◆ Data segment ◆
%%

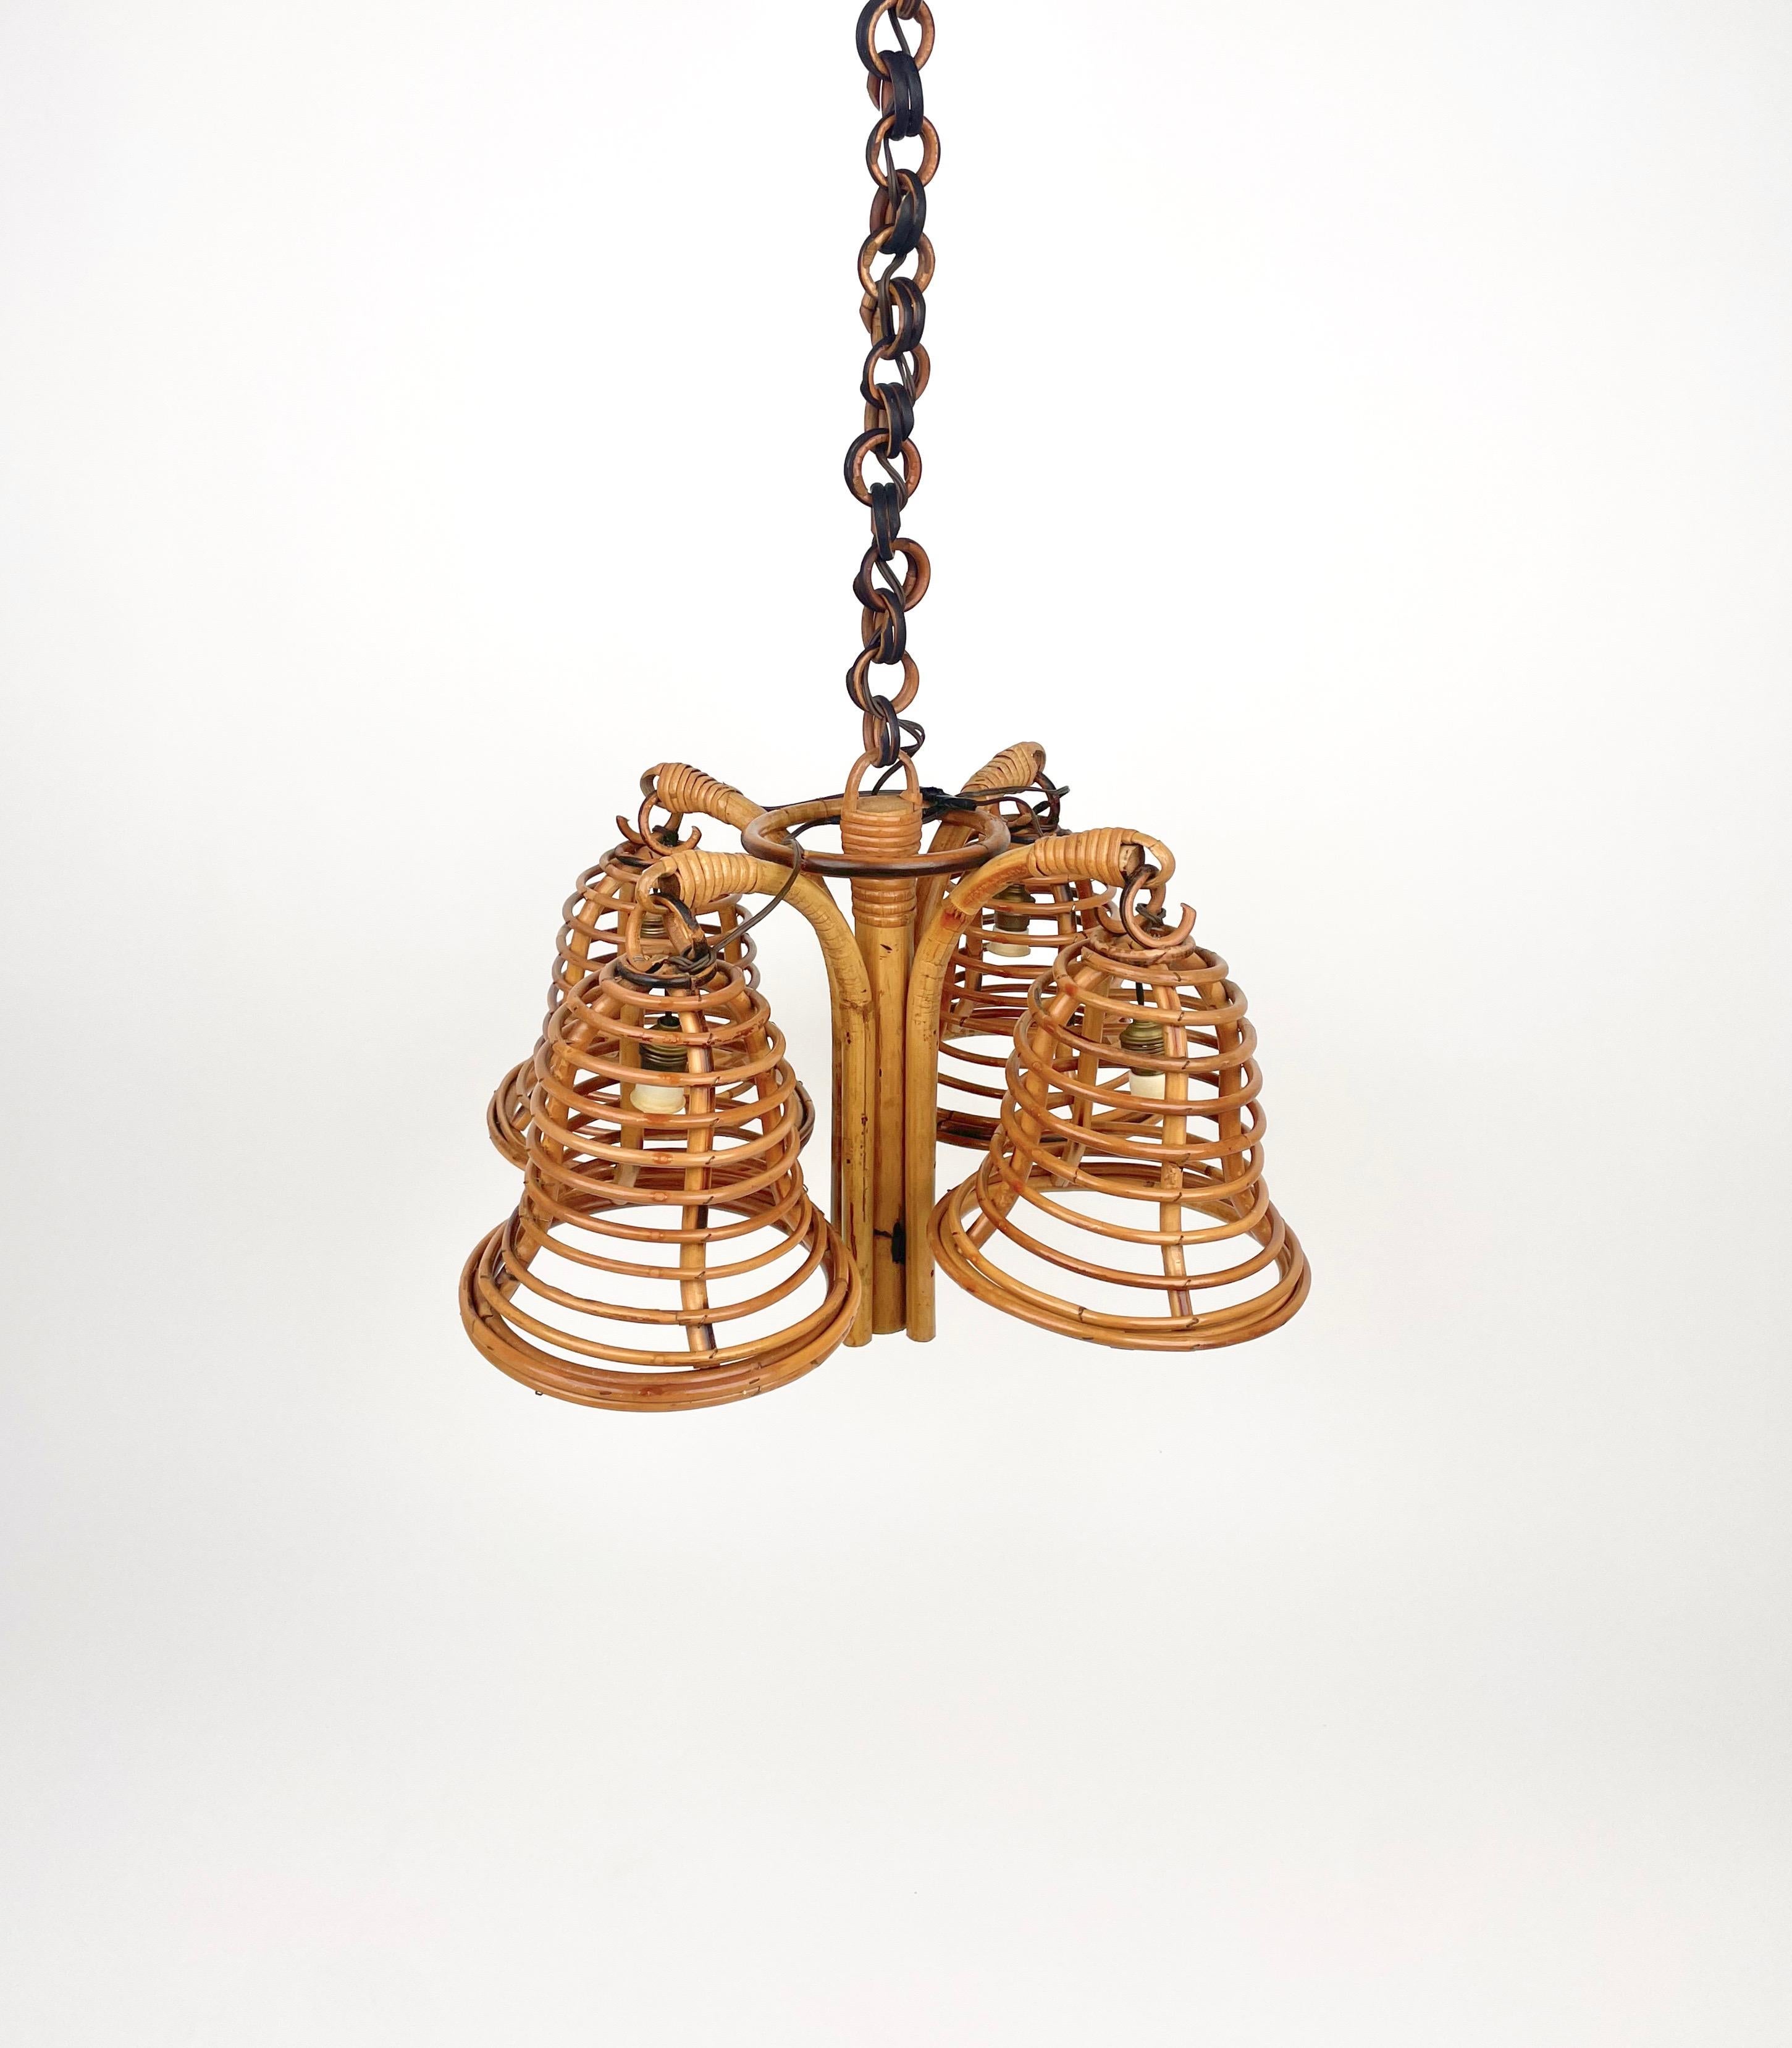 Chandelier pendant in bamboo and rattan featuring four lights in the style of French designer Louis Sognot.

Made in Italy in the 1960s.


Louis Sognot was a French designer best known for his elegant furniture made from a combination of rattan

%%

◆ What is required ◆
Print the data above exactly; drop every picture.

◆ Result for this exercise ◆
 Chandelier pendant in bamboo and rattan featuring four lights in the style of French designer Louis Sognot.

Made in Italy in the 1960s.


Louis Sognot was a French designer best known for his elegant furniture made from a combination of rattan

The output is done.